As noted by the Washington Post, in fact, America’s approach to this cyber realm is fairly advanced. For instance, few people know that the Pentagon utilizes our advanced, super-quiet submarine fleet as underwater hacking platforms.

The fact is submarines are a very important part of U.S. cyber strategy. While they serve to defend the country and protect, in part, against hacking attacks, they are also utilized to launch such attacks, two Navy officials said at a recent conference in Washington, D.C.

“There is a — an offensive capability that we are, that we prize very highly,” Rear Adm. Michael Jabaley, the U.S. Navy’s program executive officer for submarines, said, the Post reported. “And this is where I really can’t talk about much, but suffice to say we have submarines out there on the front lines that are very involved, at the highest technical level, doing exactly the kind of things that you would want them to do.”

The “silent service” has long been utilized in the information technology arena to get an edge on U.S. rivals.
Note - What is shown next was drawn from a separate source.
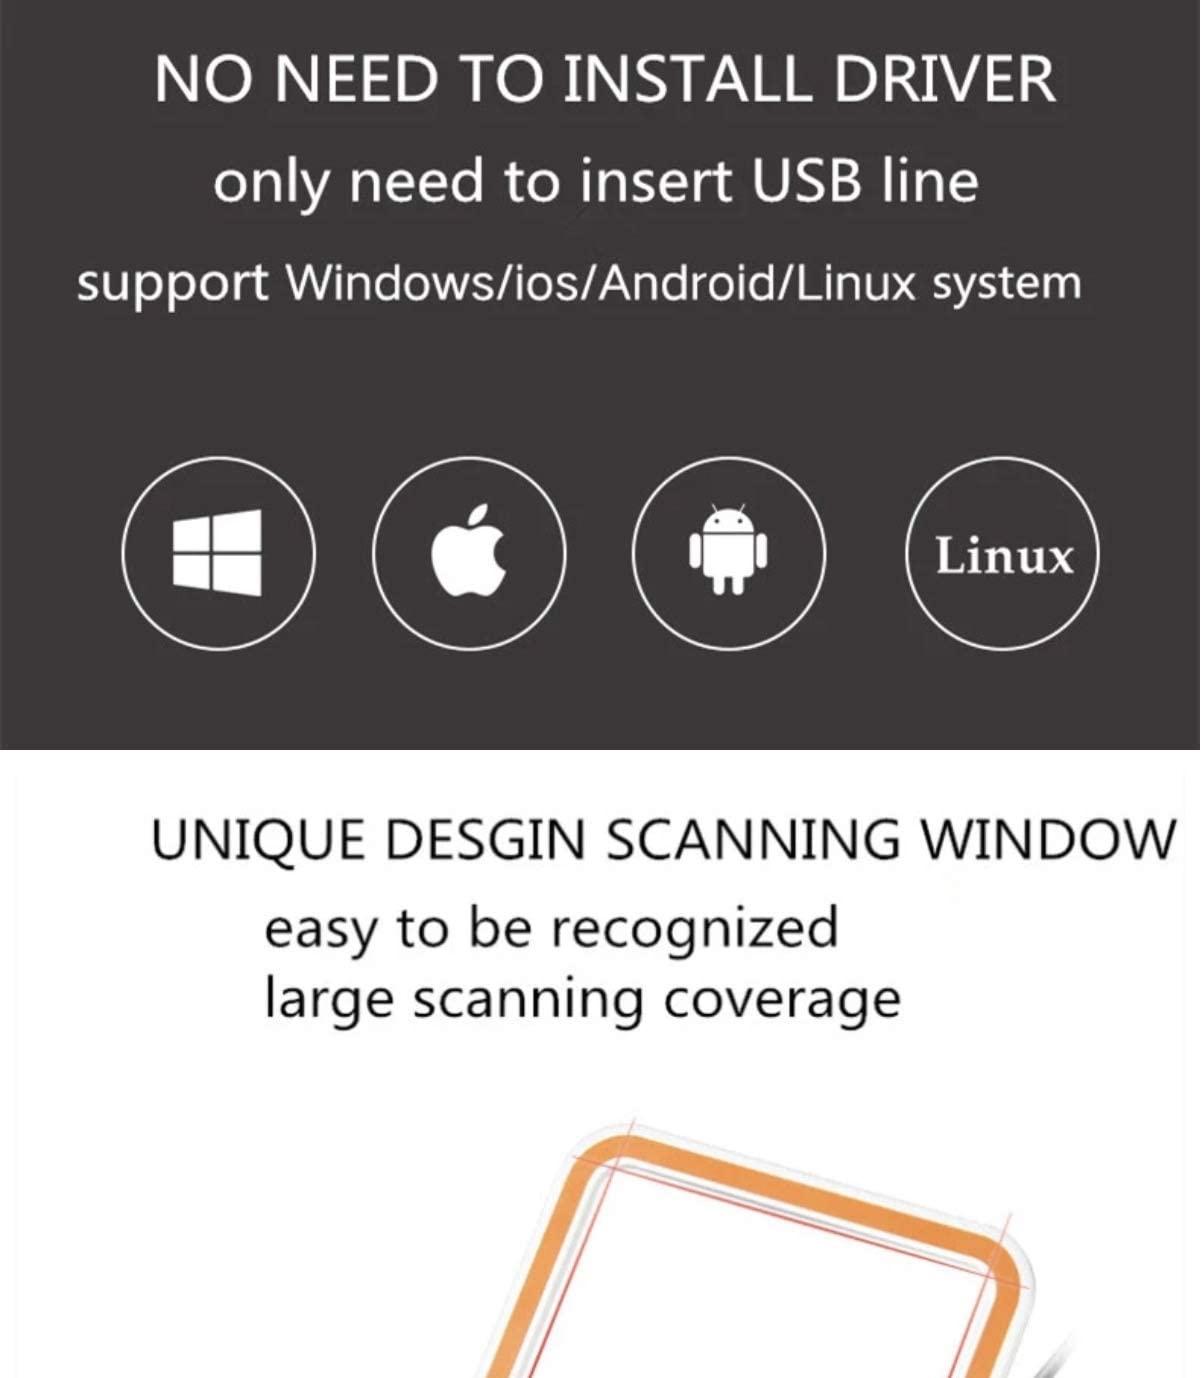 Leitor de Código de Barras SunMI Blink USB

For instance, in the 1970s the U.S. government instructed Navy subs to tap undersea communications cables off the coast of Russia. The vessels recorded messages that were being relayed back and forth between Soviet military forces and government installations.

Today, U.S. subs are outfitted with sensitive, sophisticated antennas that are used to manipulate and intercept others’ communications traffic, especially on weak, unprotected systems.

“We’ve gone where our targets have gone” — which means online, according to Stewart Baker, the National Security Agency’s former general counsel, in an interview with the paper. “Only the most security-conscious now are completely cut off from the Internet.”

He added that cyberattacks are a lot easier to conduct than to defend against.

Some subs are more involved in the cyber realm, like the USS Annapolis, the Post noted, which is part of a much wider spying network than was divulged by former NSA contractor Edward Snowden in 2013.

The vessel and its sister subs “are the infiltrators of the new new of cyber warfare,” wrote Adam Weinstein and William Arkin last year for Gawker’s intelligence and national security blog, Phase Zero, “getting close to whatever enemy — inside their defensive zones — to jam and emit and spoof and hack. They do this through mast-mounted antennas and collection systems atop the conning tower, some of them one-of-a-kind devices made for hard to reach or specific targets, all of them black boxes of future war.”